I have a video camera, good money good money:D i just ask for 1% of the royalties
 

Mal12345

Permabanned
Joined
Apr 19, 2011
Messages
14,532
MBTI Type
IxTP
Enneagram
5w4
Instinctual Variant
sx/sp
:thinking:

Welp, I missed that one. I thought he meant get on with funding mental health facilities.

Sex would work too I guess.

You are not that naive.
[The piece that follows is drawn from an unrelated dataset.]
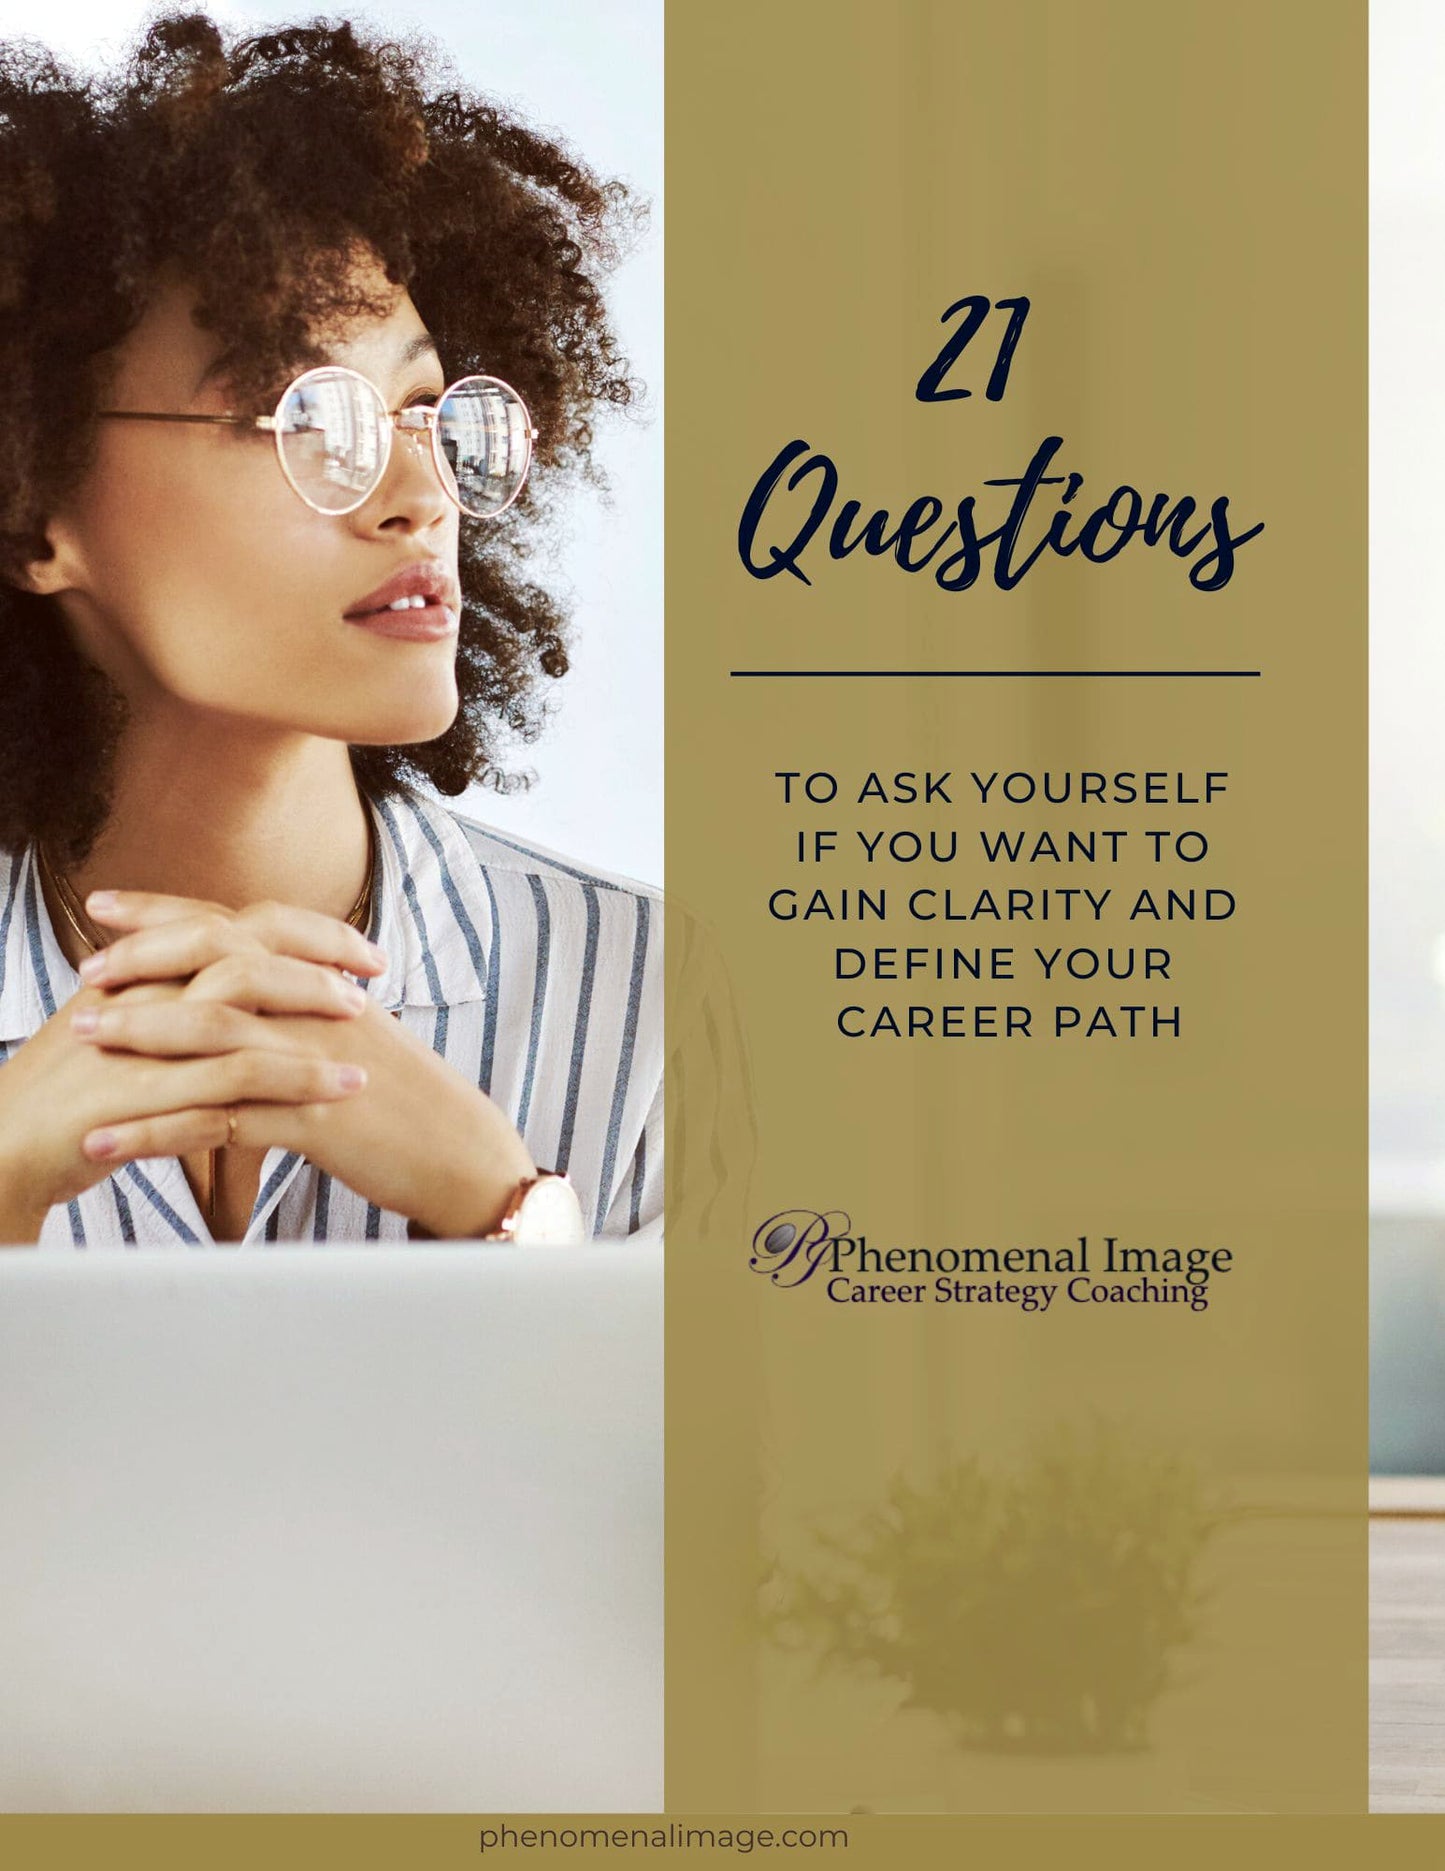 21 Questions to Ask Yourself if You Want to Gain Clarity and Define Your Career Path

Please don't try to claim you're a vanilla.
 

swordpath

New member
Joined
Oct 24, 2007
Messages
10,547
MBTI Type
ISTx
Enneagram
5w6
A big issue is that many of the mentally ill will be mandated to be evaluated if certain criteria is met and the police get called to investigate, however, how do you keep someone on their medications? A lot of schizophrenics will go through a cycle of going on/coming off their medications. I see this all the time in my work.
 

swordpath

New member
Joined
Oct 24, 2007
Messages
10,547
MBTI Type
ISTx
Enneagram
5w6
How about random urinalysis? Don't show up or pass the test you are not mentally fit and are institutionalized on the taxpayer's dime. I don't understand why we can't force them to medicate.. it seems almost straightforward. Suicide is already illegal and so too should being totally nuts when it could otherwise be prevented.
I see where you're coming from, but it's just not a crime to be crazy... Unless you're suicidal or homicidal, there just isn't much intervening that's going to happen.

Suicide is illegal in that it's prohibited, but what's the penalty for someone that commits the "crime"? lol. You won't see someone charged with "suicide attempt," I guarantee you that.
 

skylights

i love
Joined
Jul 6, 2010
Messages
7,756
MBTI Type
INFP
Enneagram
6w7
Instinctual Variant
so/sx
How about random urinalysis? Don't show up or pass the test you are not mentally fit and are institutionalized on the taxpayer's dime. I don't understand why we can't force them to medicate.. it seems almost straightforward.

How are you going to conduct the random sampling... are you going to have a registered list of schizophrenic people? Who is going to provide the money for the testing supplies, analysis, and how are you going to follow up? And is it feasible at all? Many seriously mentally ill people do not have a static telephone number, much less address, and certainly do not have reliable access to transportation. You're going to commit them all on the basis that they don't show up to a spontaneous drug test?
 

baccheion

New member
Joined
Jan 10, 2013
Messages
776
They use injections. For people forced on medication, they get injected once per month.
 
G

garbage

Guest
Mods, can you please get rid of posts 39+ in this thread? Mal+, please do not threadshit again (in any thread, especially mine).
As much as I appreciate you alerting us to a potential problem -- sorry, but this one's rather tame, and also you contributed to the threadshitting.

To everyone: don't threadshit. We'll take the more significant derails to Off-Topic posts as per usual.